Be kind to strangers.

But this man does not bring out that urge in me. This is one person I have no interest in pleasing. He contributes nothing to my life other than discomfort and hurt. There is no point in trying to make him happy because the only way I can do that is by ceasing to exist.

In a way, Karl Newton’s unalterable dislike for me is freeing.

I don’t have to try. I could say absolutely anything to this man, and he’ll hate me as much as he did the moment before.

“I see you’re bothering Shawn again,” Karl sneers.

And then there’s that. His constant goal of making me feel like shit about my relationship with my brother.

“Yep. Just being the classic annoying little sister.”

Karl’s glower deepens, probably hating the fact that I called myself Shawn’s sister.

So annoying to be reminded of his infidelity, am I right?

He opens his mouth, but then his attention flicks to George and away. Doesn’t want to be too scathing to me in front of others? I don’t see why he’d hold himself back, when George just made it clear exactly whose side he’s on.

“Excuse me.” Karl tucks away his disgust behind a bored mask. “I think I’ll head up now. Shawn and I have business to discuss. Some of us actually work to earn a living instead of expecting others to pay their way.”

My father brushes past me.

And hell, if his words didn’t land exactly in my soft spot. I press a hand to my stomach, the frittata my brother made me with his fancy cheeses and love suddenly not sitting well.

I couldn’t give a fuck about whether my father thinks I’m a money-grubbing mooch or not.

What hurts is the reminder that I am.

Shawn let me write a massive number on a blank check because I’d promised to pay him back using a trust fund that doesn’t exist. All because I wasn’t sure he would give me the money I needed without a way to eventually clear the debt.

Without reassurance that the money was a loan instead of another person in his life using him for his bank account.

But lying about it only made me into the exact kind of person Shawn fears.

And I paid for my mom’s medical bills with what are basically funds from BBN. Money my mother would hate to know the origin of.

A few more weeks, and they’ll both know.

“Beth?” George’s voice pierces my icy anguish of guilt. And the spear of it brings a reminder of his disdain. The way he abandoned the Newton by-blow without an ounce of hesitation.

And he’s also the one who is giving me flying lessons for free because I can’t afford them. I can’t pay my own way with him, either.

Ignoring George, I stalk down the row of luxury vehicles to my beat-up Saturn.

If I speak to him now, I’ll say something to reveal how much his actions gutted me.

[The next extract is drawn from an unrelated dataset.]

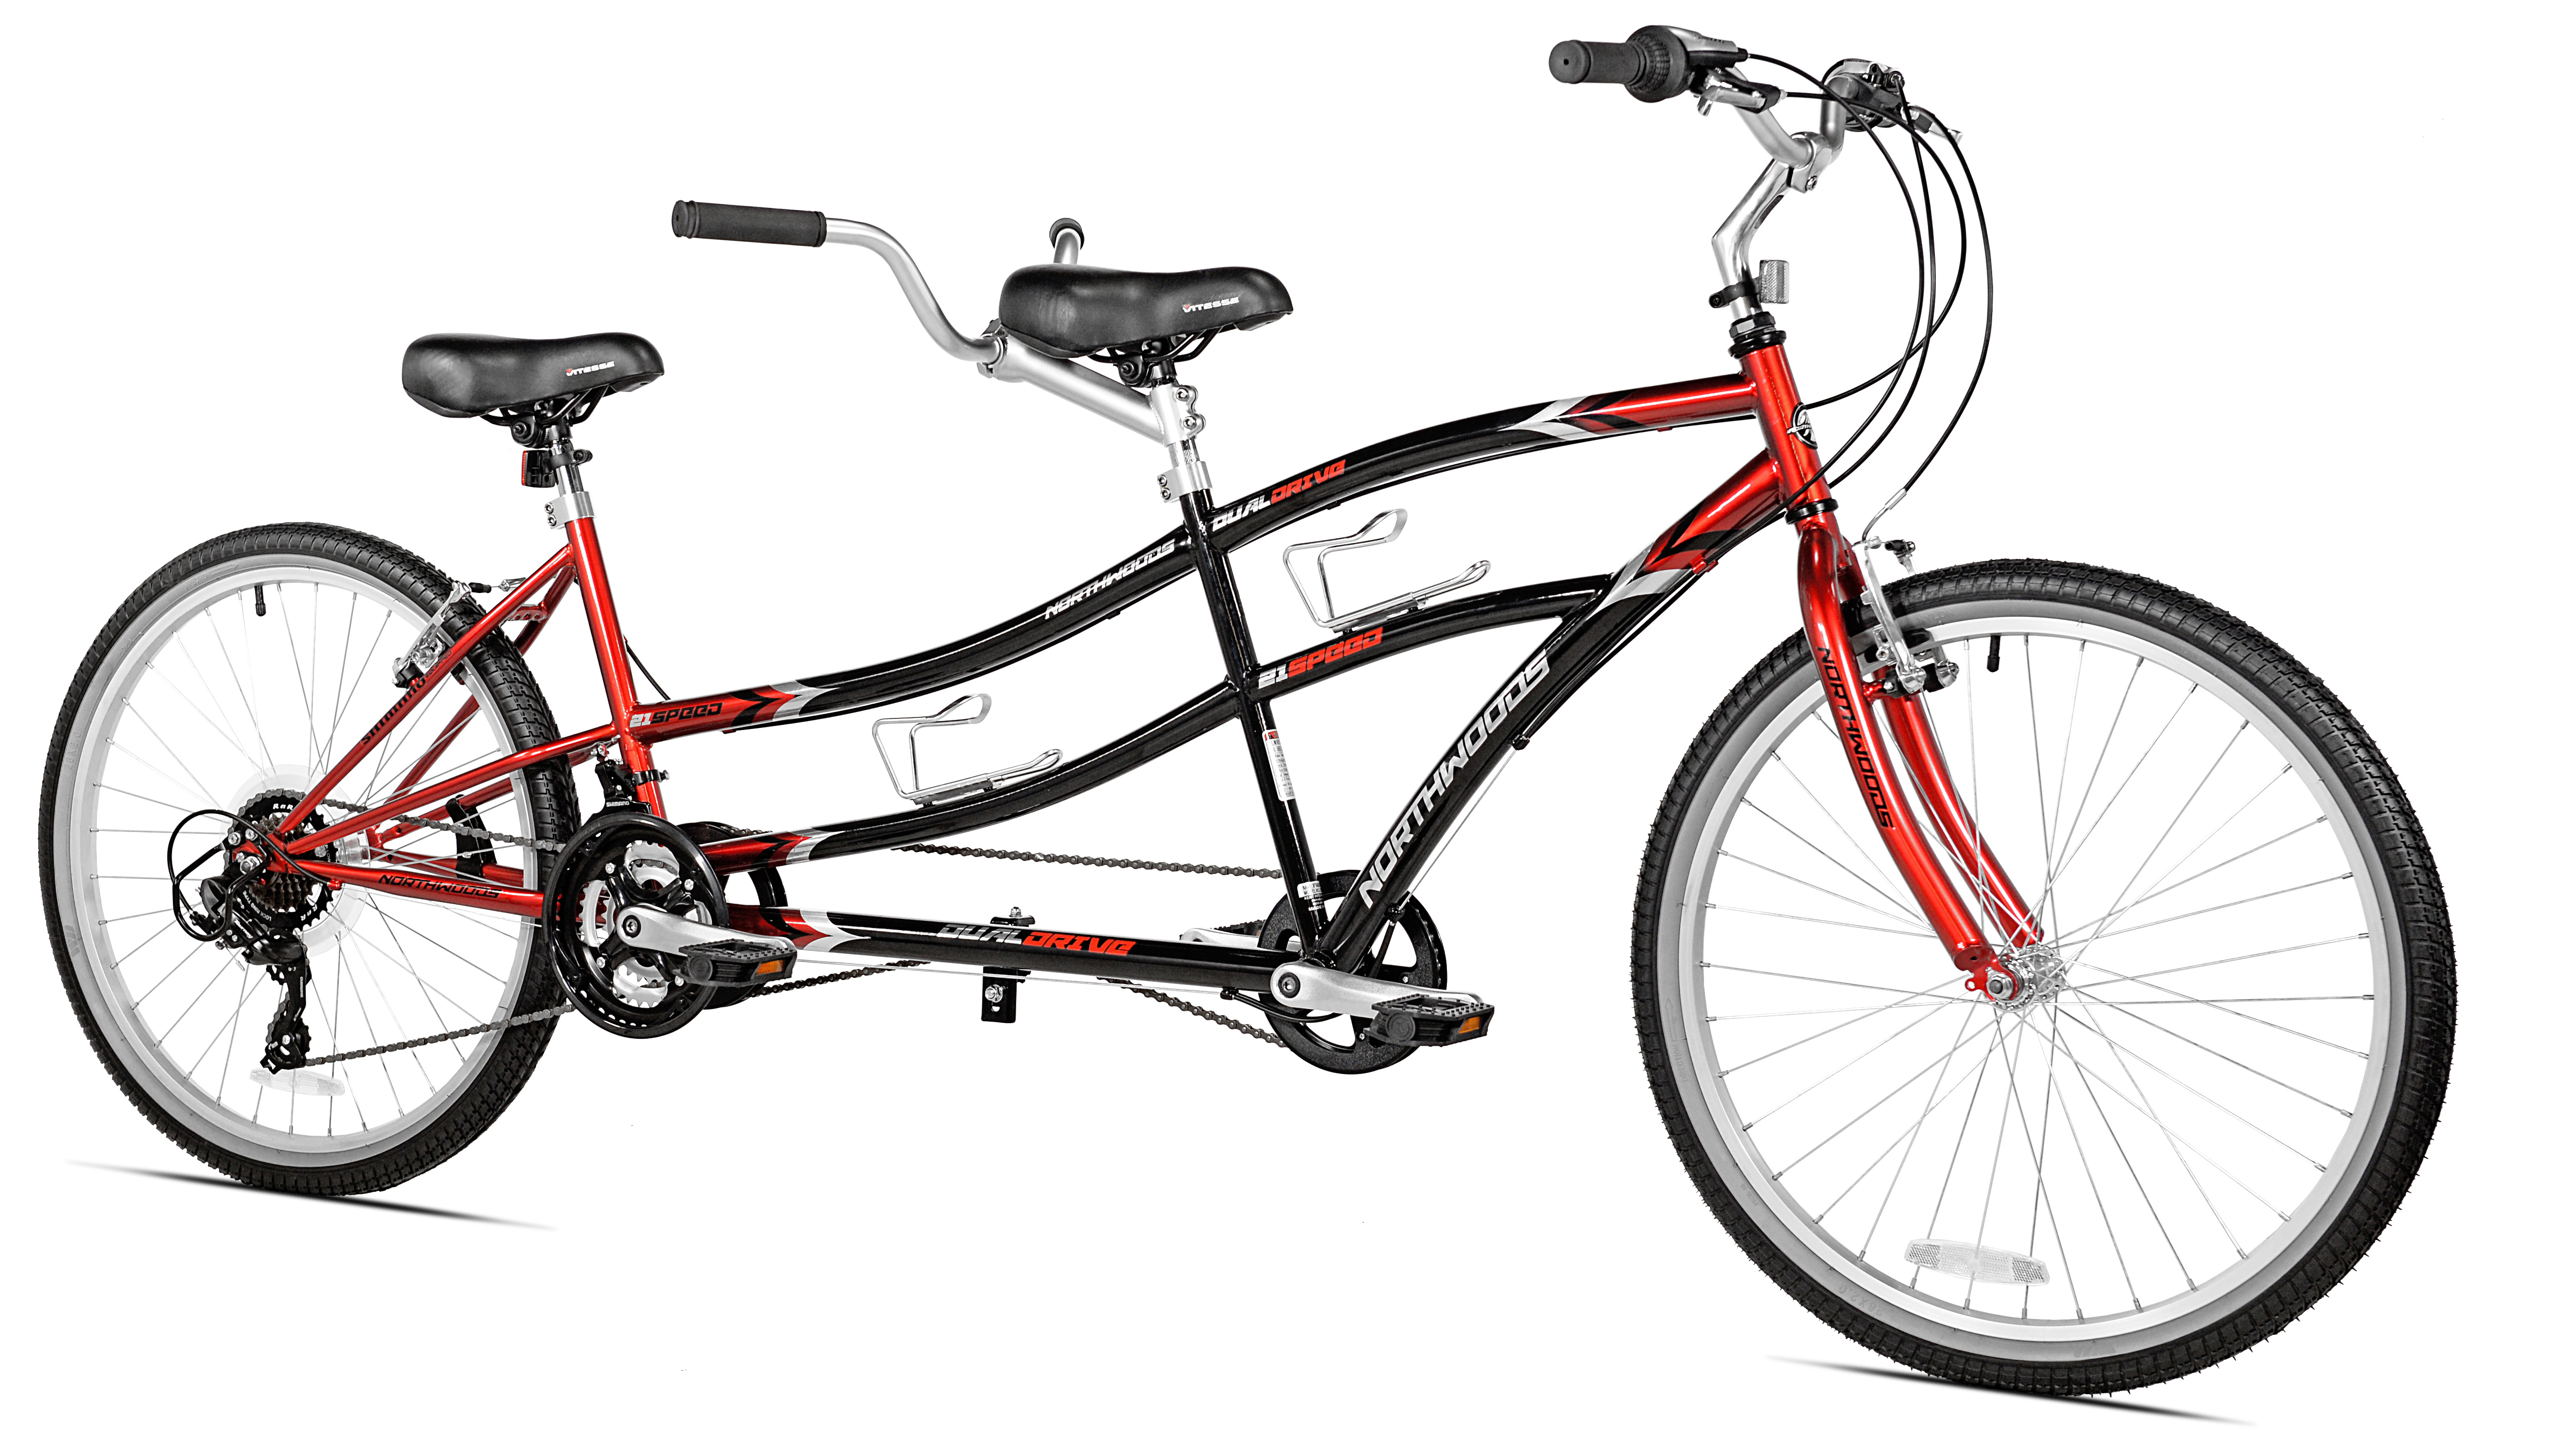 26 inch Northwoods 21-Speed Dual Drive Tandem Bike with Revo Twist Shifters, Reliable Alloy

Then he’ll point out that he never agreed to be my friend.

That this was always just a favor for Shawn.

And then I’ll never be able to sit beside him in a cockpit again.

Even without him saying all that out loud, I’m not sure I can.

“Beth.” George follows me, but I keep my back to him so he doesn’t see the way my hand shakes as I slide the key into the door. A move I have to do because the key fob broke years ago, and it’s one more thing I don’t have the funds to get fixed.

“I just want—”

“To make things clear,” I snap, cutting him off. “You just wanted to make things clear. And now they are.”

To you, I am a mistake. Got it.

“That’s not…can you just wait?”

“No. I can’t.” I throw my overnight bag into my car and tilt my chin toward George but don’t meet his eyes. “I have work. Because despite what Karl and you might think, I do plan on paying my own way.”

If he tries to say anything else, the words are cut off by me slamming my door shut, revving my engine to life, and cranking the Latin pop music that pours from my speakers.

George shuffles out of the way as I reverse, and I definitely do not glance in my rearview mirror to see him standing still, watching me drive off.

I’m proud of myself for making it all the way out of the city before letting any tears fall.